DEBU[2024-07-03T05:09:12.187703634+02:00] Calling HEAD /_ping
DEBU[2024-07-03T05:09:12.188320732+02:00] Calling GET /v1.46/containers/socket-proxy/json
DEBU[2024-07-03T05:09:12.190011580+02:00] Calling POST /v1.46/containers/socket-proxy/exec
DEBU[2024-07-03T05:09:12.190087530+02:00] form data: {"AttachStderr":true,"AttachStdin":false,"AttachStdout":true,"Cmd":["echo","Hi"],"Detach":false,"DetachKeys":"","Env":null,"Privileged":false,"Tty":false,"User":"","WorkingDir":""}
DEBU[2024-07-03T05:09:12.191548416+02:00] Calling POST /v1.46/exec/144ccce26aba8c987238e6cbae3945b988e02fd10d0b962a61472b6047f9b906/start
DEBU[2024-07-03T05:09:12.191604084+02:00] form data: {"Detach":false,"Tty":false}
DEBU[2024-07-03T05:09:12.191700190+02:00] starting exec command 144ccce26aba8c987238e6cbae3945b988e02fd10d0b962a61472b6047f9b906 in container 701651b0afdcc068edcf4286ce66087072195672a19a31771845d2cd7f2d262f
DEBU[2024-07-03T05:09:12.193616873+02:00] attach: stdout: begin
DEBU[2024-07-03T05:09:12.193651111+02:00] attach: stderr: begin
DEBU[2024-07-03T05:09:12.194593053+02:00] event                                         module=libcontainerd namespace=moby topic=/tasks/exec-added
DEBU[2024-07-03T05:09:12.230508112+02:00] event                                         module=libcontainerd namespace=moby topic=/tasks/exec-started
DEBU[2024-07-03T05:09:12.230543104+02:00] event                                         module=libcontainerd namespace=moby topic=/tasks/exit
DEBU[2024-07-03T05:09:12.230604757+02:00] attach: stdout: end
DEBU[2024-07-03T05:09:12.230615418+02:00] attach: stderr: end
DEBU[2024-07-03T05:09:12.230638297+02:00] attach done
DEBU[2024-07-03T05:09:12.231610262+02:00] Calling GET /v1.46/exec/144ccce26aba8c987238e6cbae3945b988e02fd10d0b962a61472b6047f9b906/json

Here is a comparison between the two: https://www.diffchecker.com/Va1xo5Mp/
Not sure if the log is asynchronous, which could explain why the GET /v1.46/exec/{id}/json request gets logged at different points.

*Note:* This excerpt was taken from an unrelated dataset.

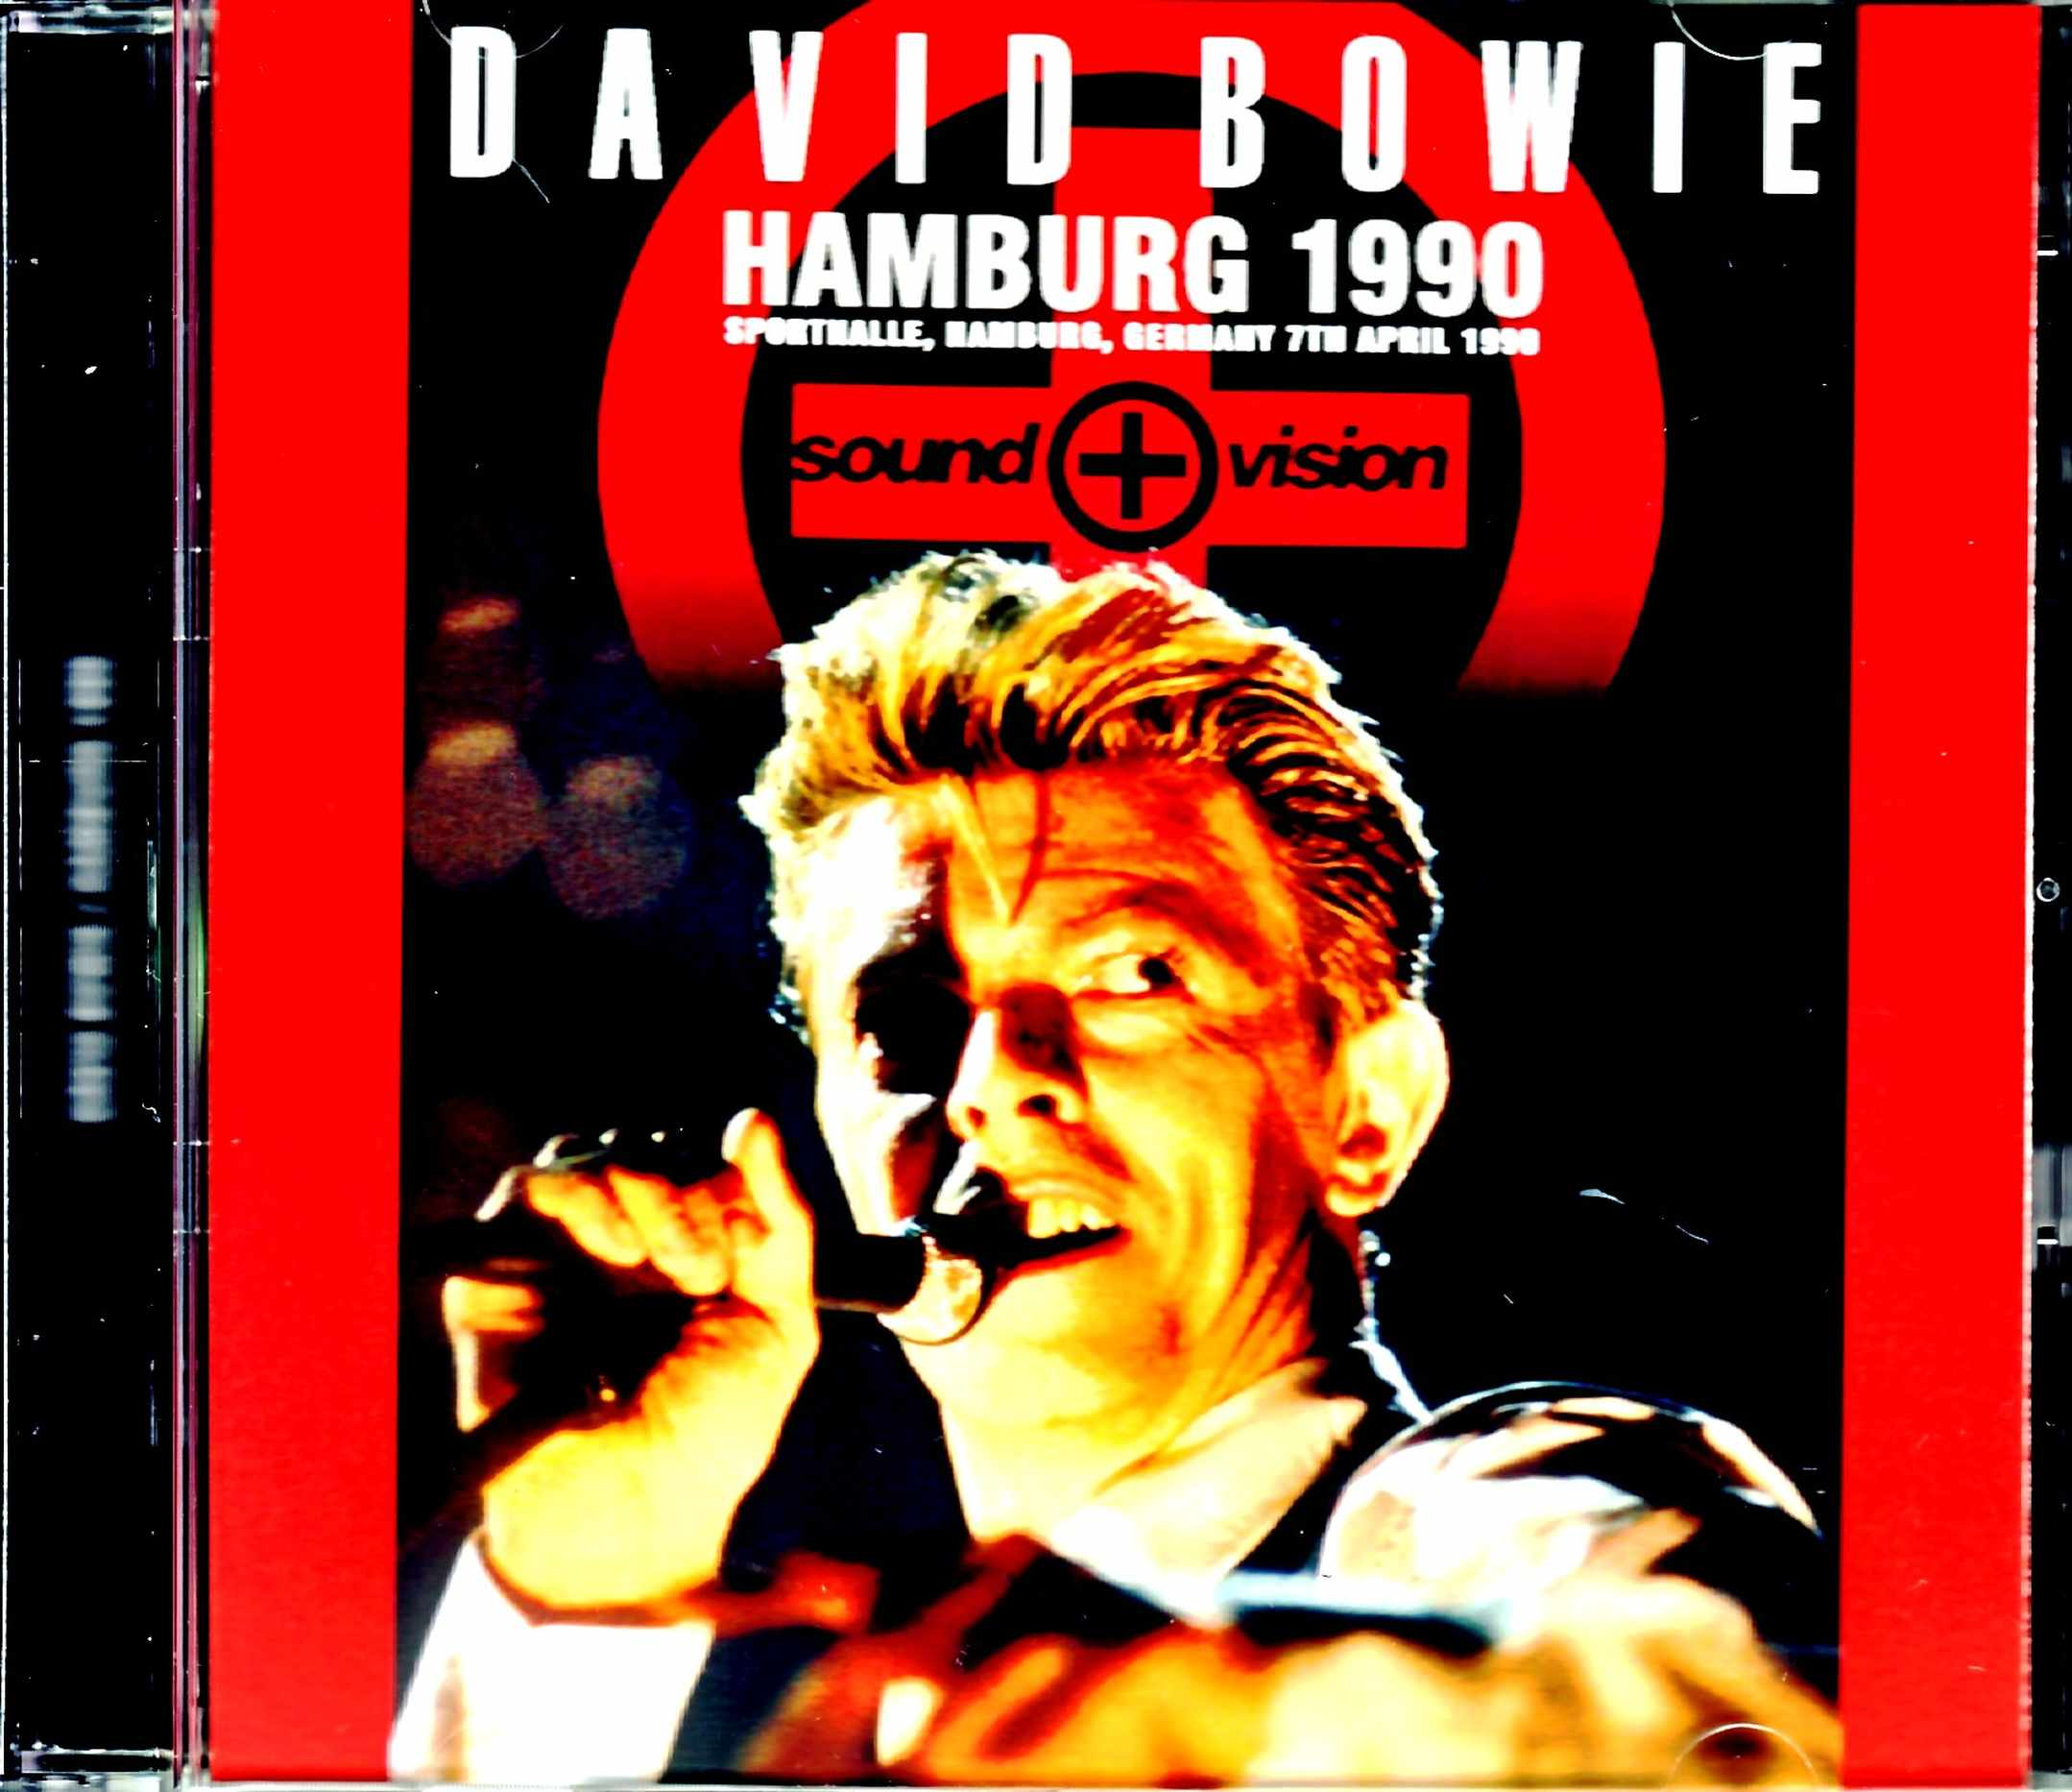 David Bowie デヴィッド・ボウイ/Germany 4.7.1990

EDIT 3: I have added some info from the comments to the original issue above. This could help anyone else stumbling across this issue.

[LinuxServer-CI]

This issue has been automatically marked as stale because it has not had recent activity. This might be due to missing feedback from OP. It will be closed if no further activity occurs. Thank you for your contributions.

[jonasgeiler]

Not stale.

[jonasgeiler]

I believe this is entirely unrelated but for some reason docker exec is also broken with the latest version of Tecnativa's docker-socket-proxy: Tecnativa/docker-socket-proxy#132

[Roxedus]

It is related. it matches the findings regarding the hijack.